## Material provided
# # # #

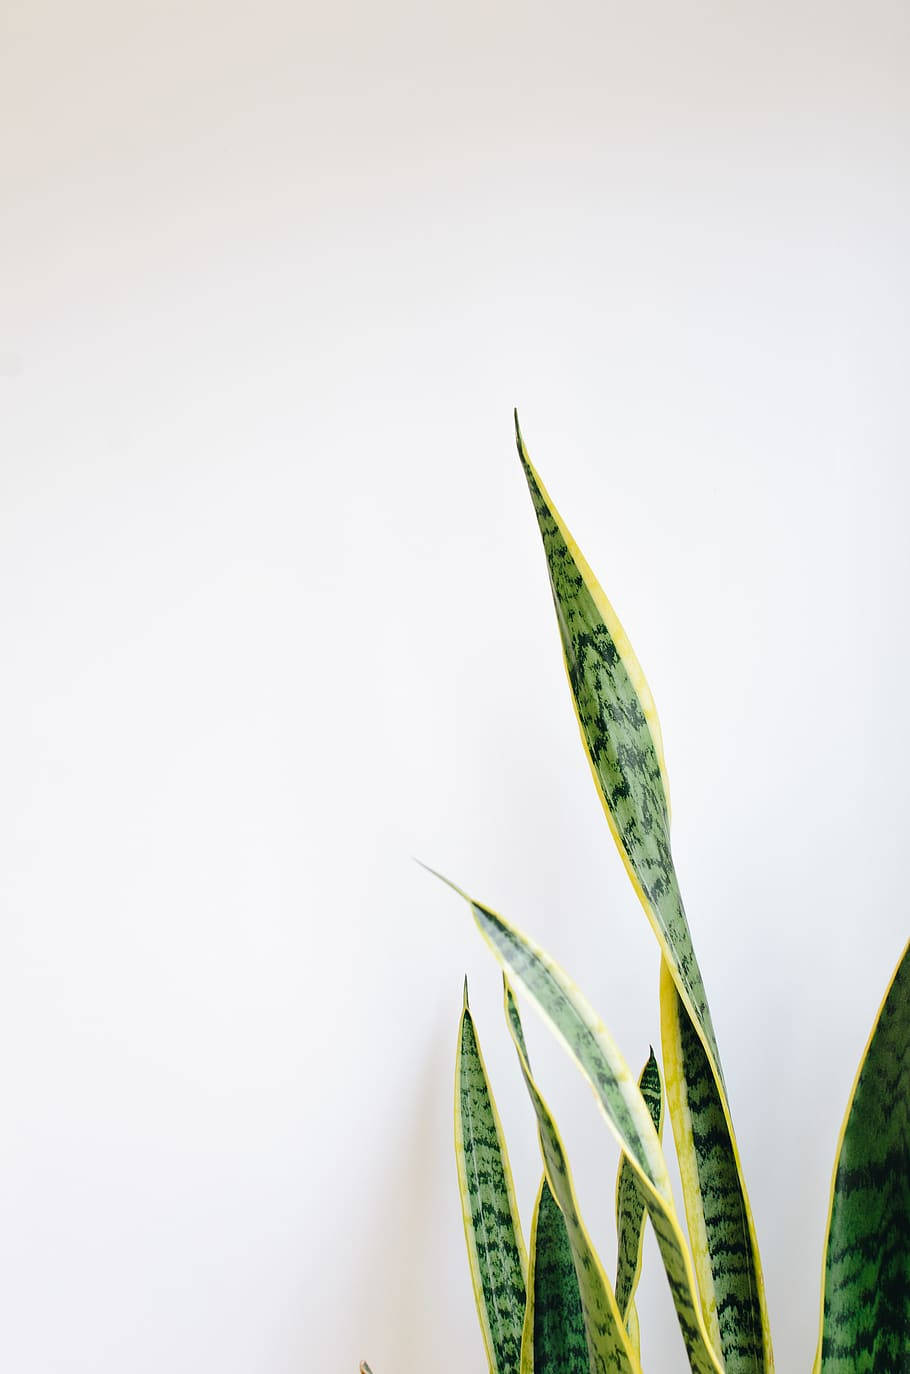 Einiphone Präsentiert Eine Kühne Grüne Pflanze. Wallpaper
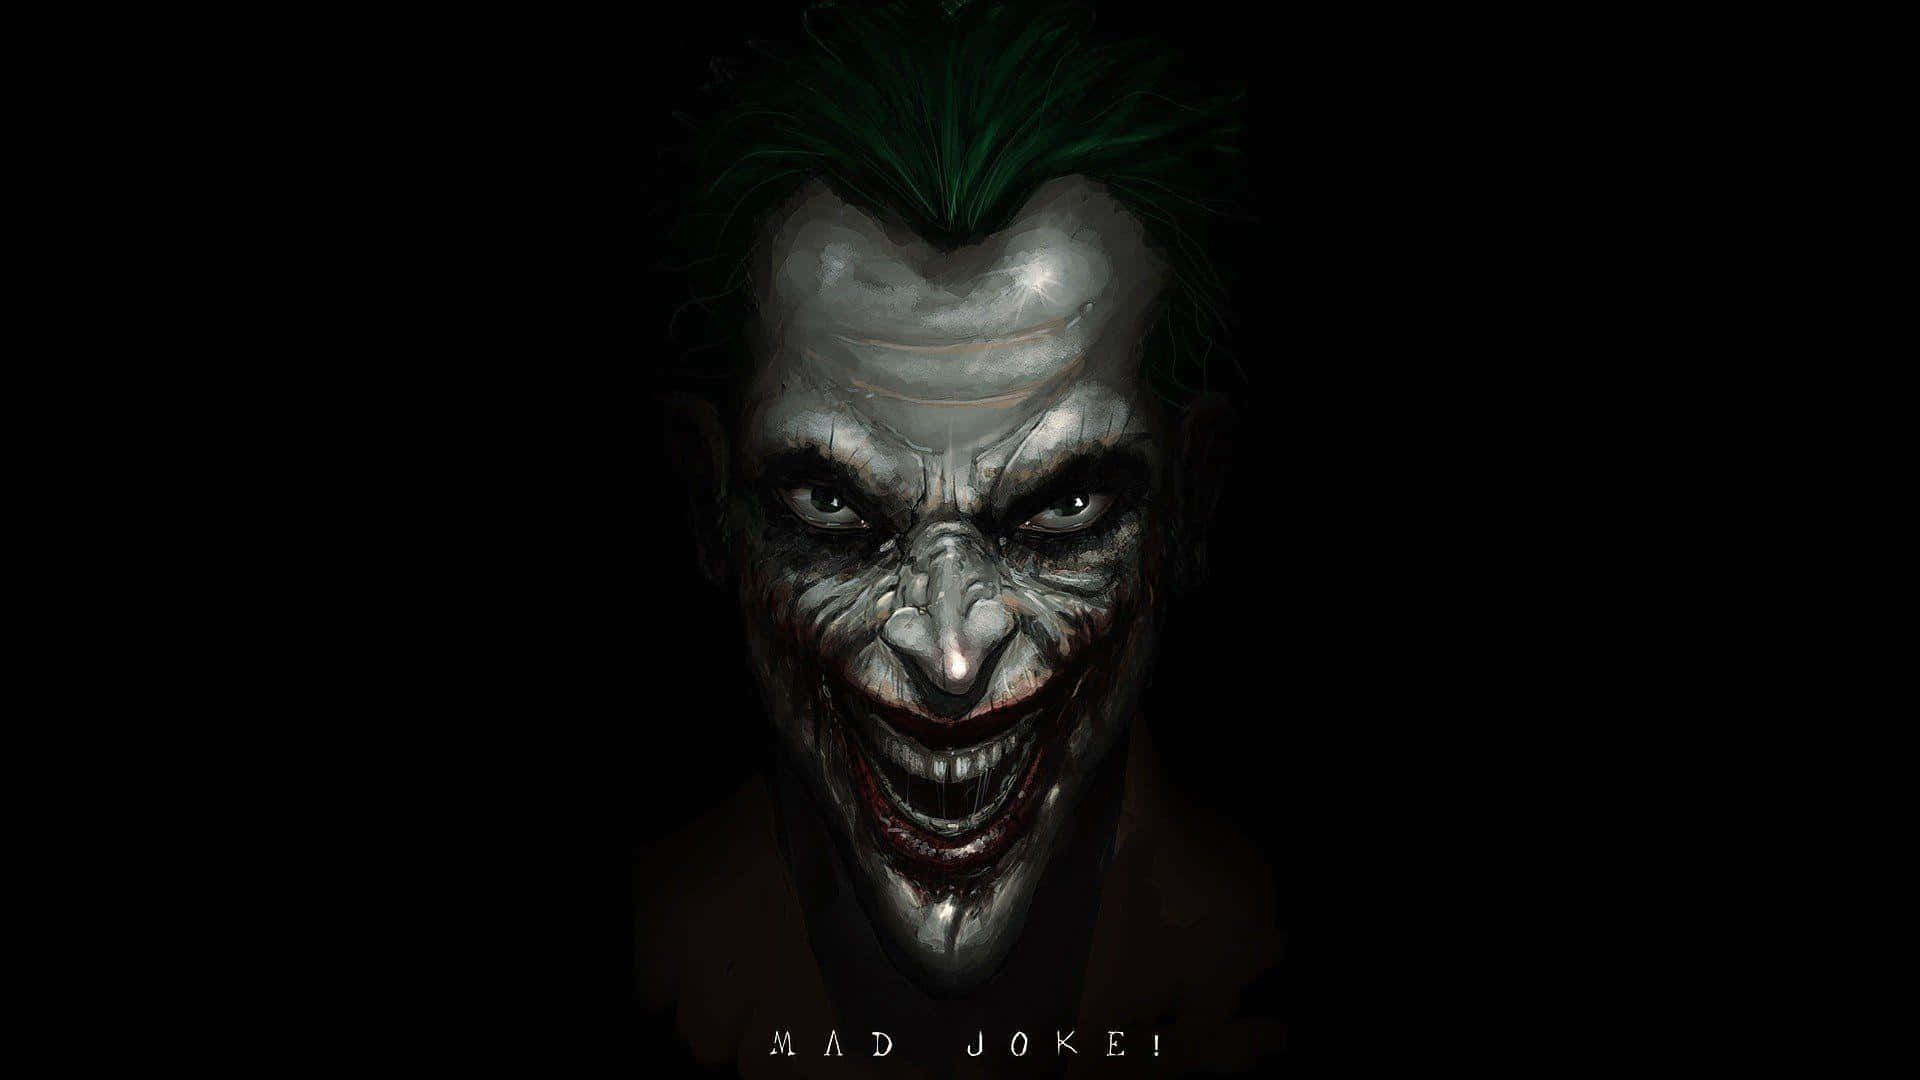 Joker's Maniacal Laughter In The Dark
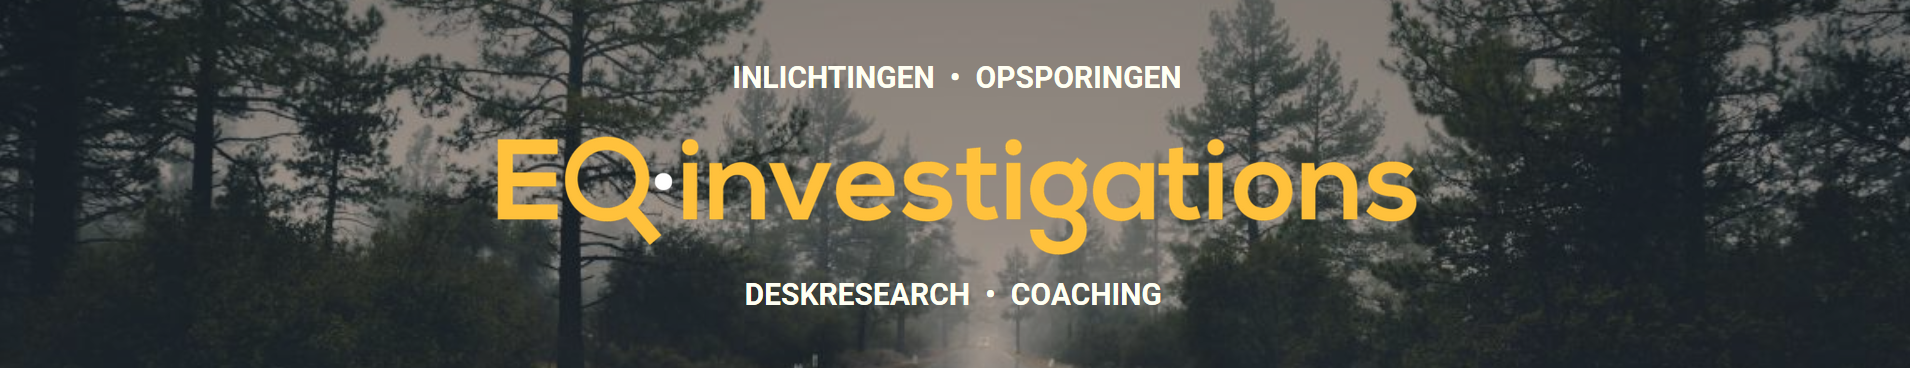 detectivekantoor Brugge Knokke Kortrijk
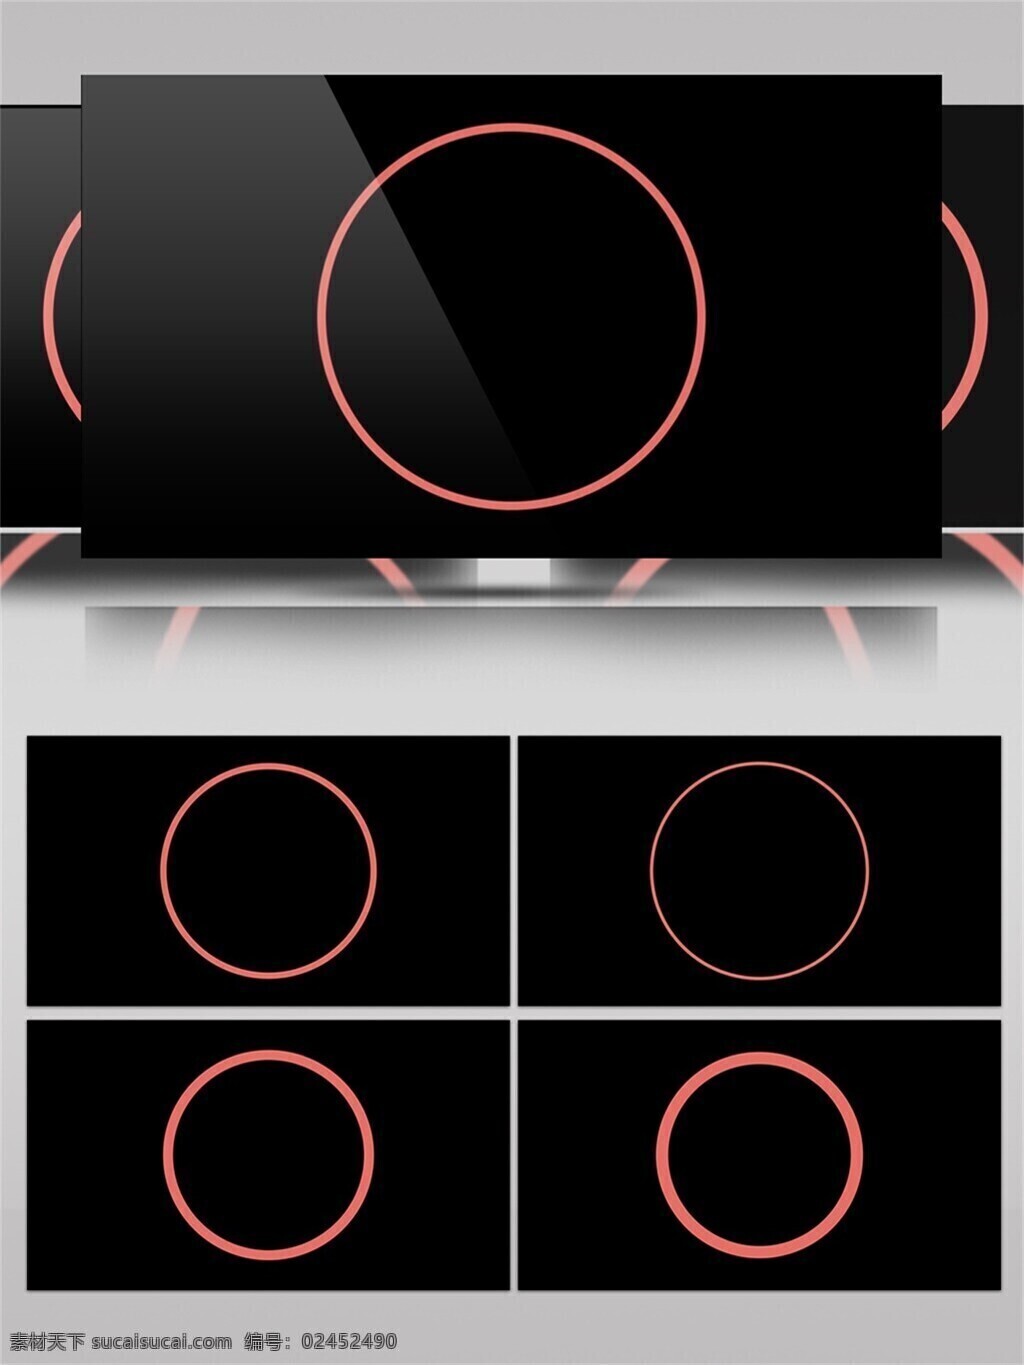 简单 圆环 图形 动画 视频 动态 动感 创意设计 圆圈 变化 图形图案 粗细

# # # #

## What you are asked to do
Images should not appear in the copy; retype the listing above exactly.

## Exercise solution
 Einiphone Präsentiert Eine Kühne Grüne Pflanze. Wallpaper
 Joker's Maniacal Laughter In The Dark
 detectivekantoor Brugge Knokke Kortrijk
 简单 圆环 图形 动画 视频 动态 动感 创意设计 圆圈 变化 图形图案 粗细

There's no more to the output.